> _WHAT THE TASK ASKS_:
An exact restatement of all the data is required, with the pictures left out.

> _DATASET EXCERPT_:

____________________

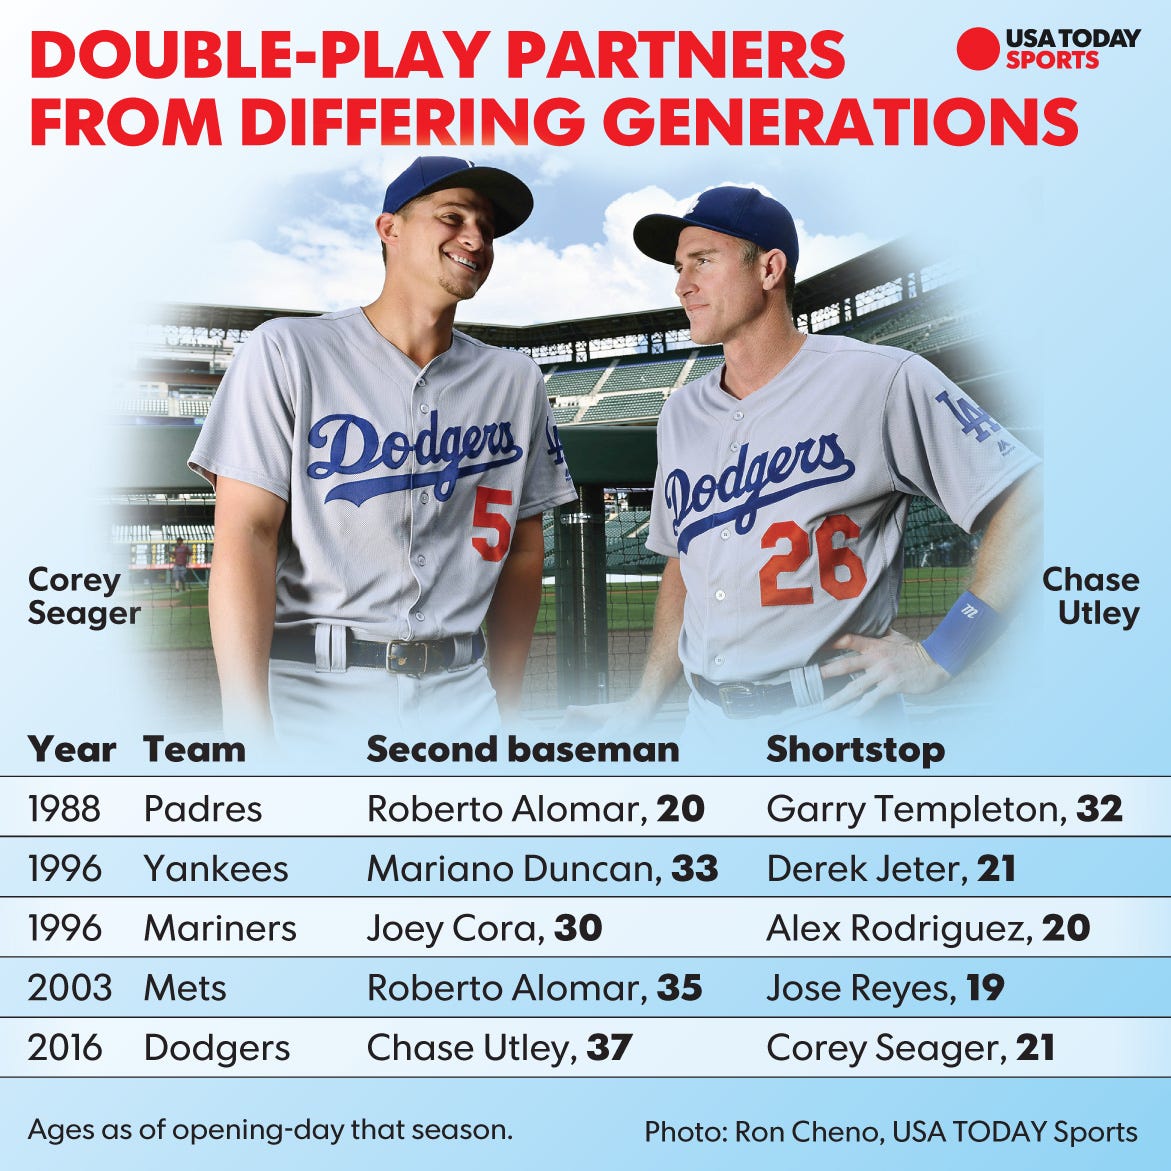 Dodgers' Chase Utley loses bet to Corey Seager, dyes his hair
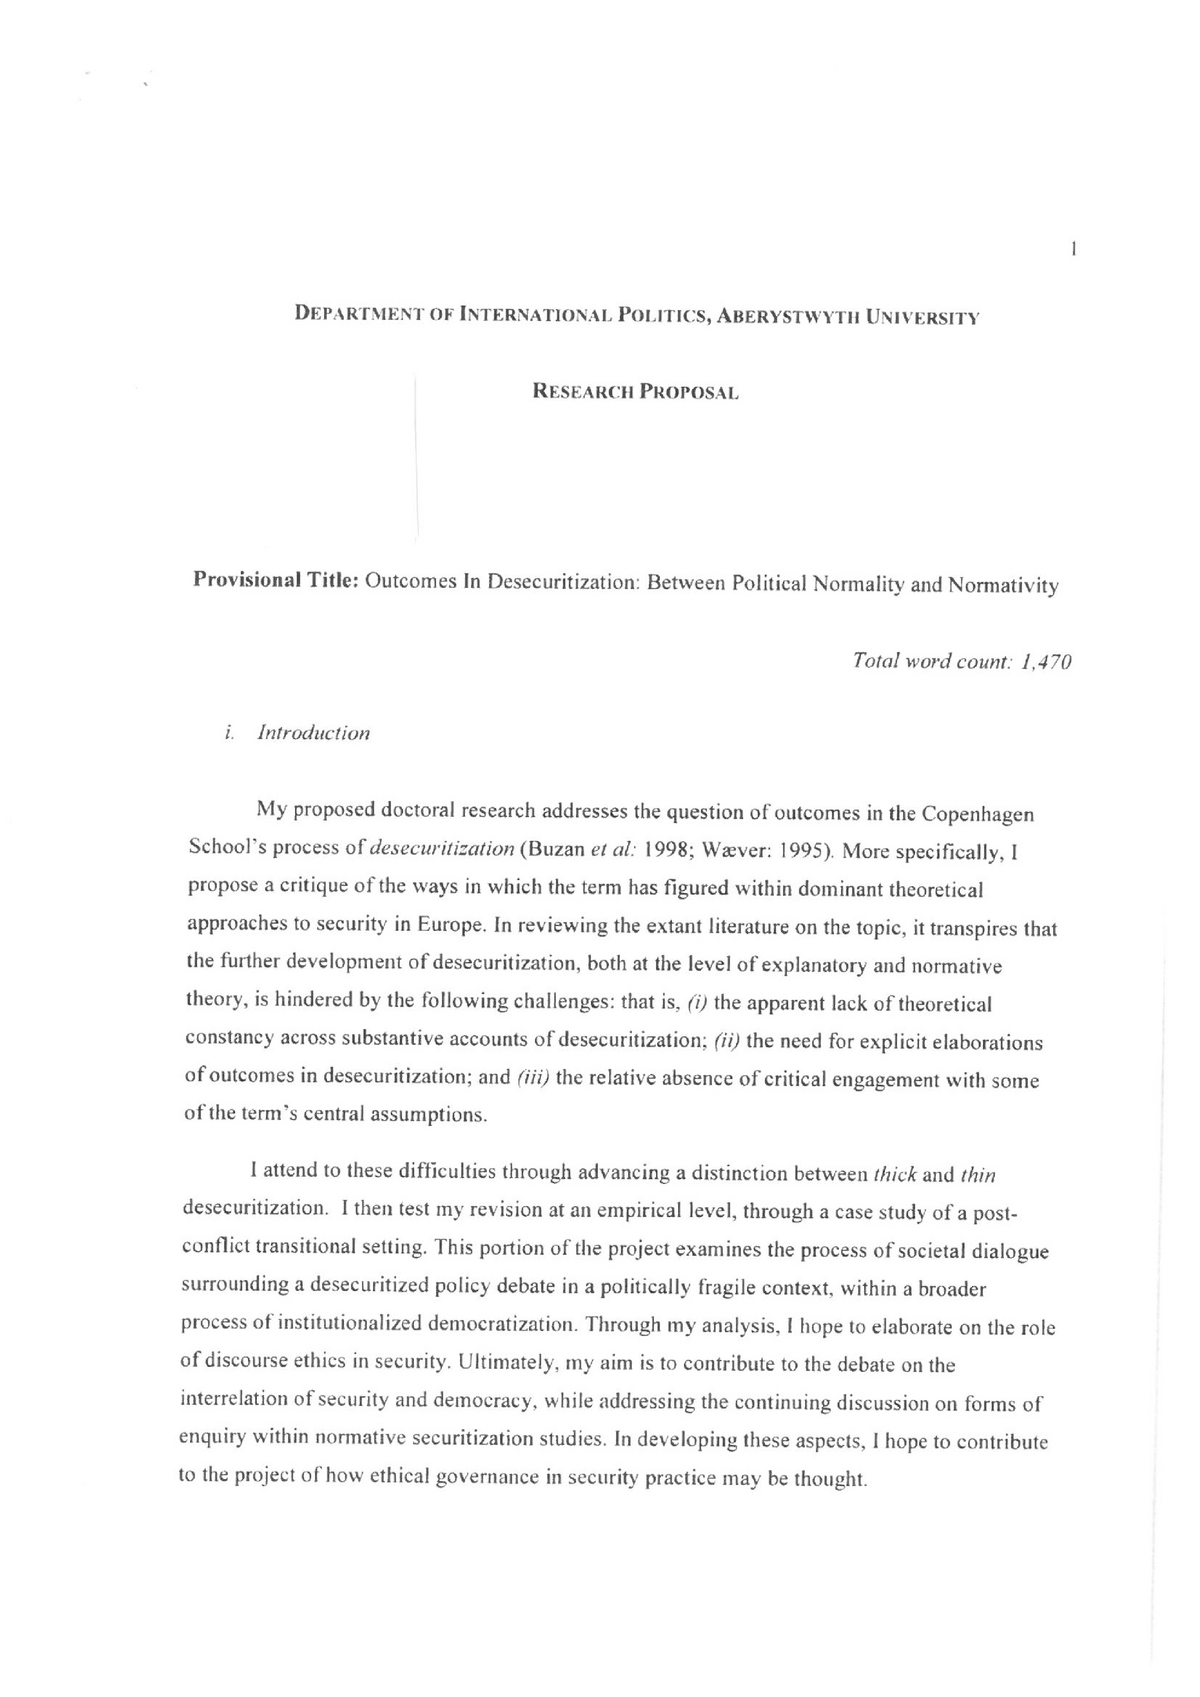 sample of phd research proposal in international relations
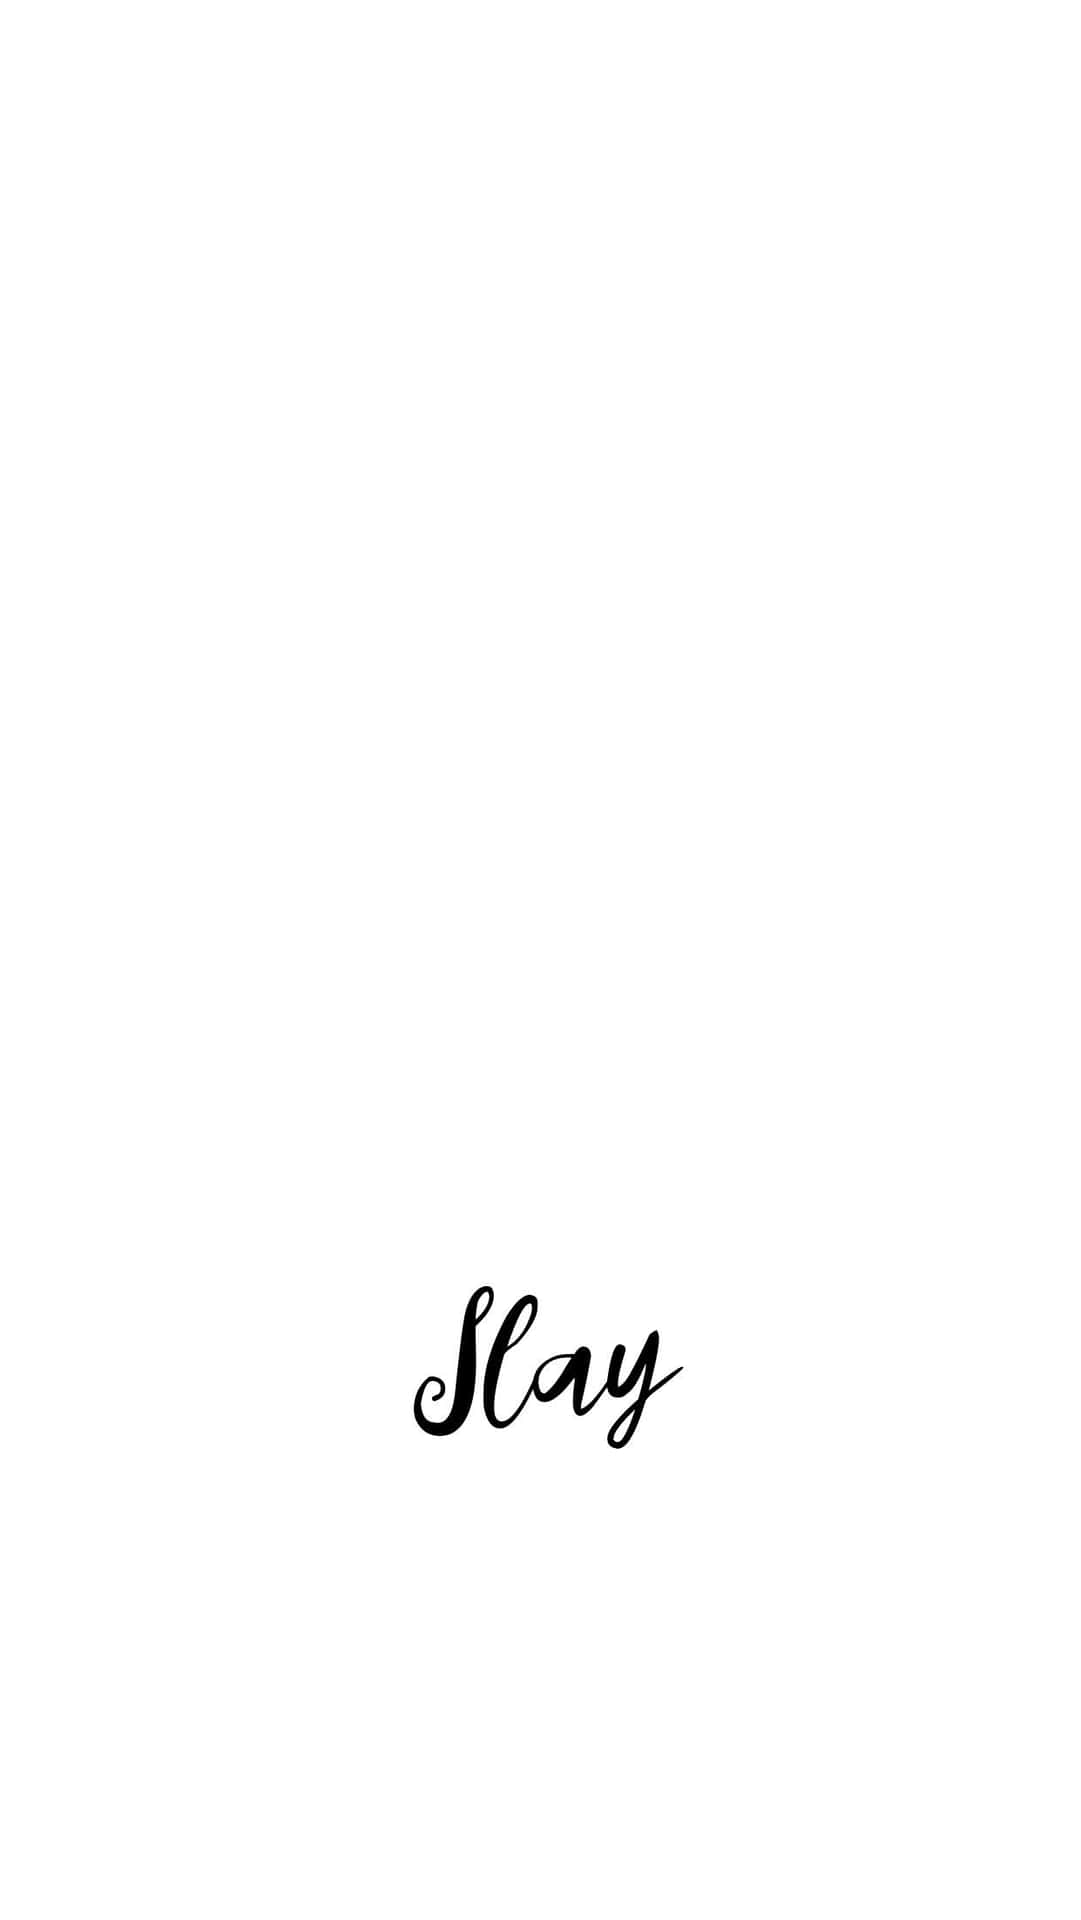 A Black And White Image Of The Word Slay Wallpaper

____________________

> _WRITTEN ANSWER_:
 Dodgers' Chase Utley loses bet to Corey Seager, dyes his hair
 sample of phd research proposal in international relations
 A Black And White Image Of The Word Slay Wallpaper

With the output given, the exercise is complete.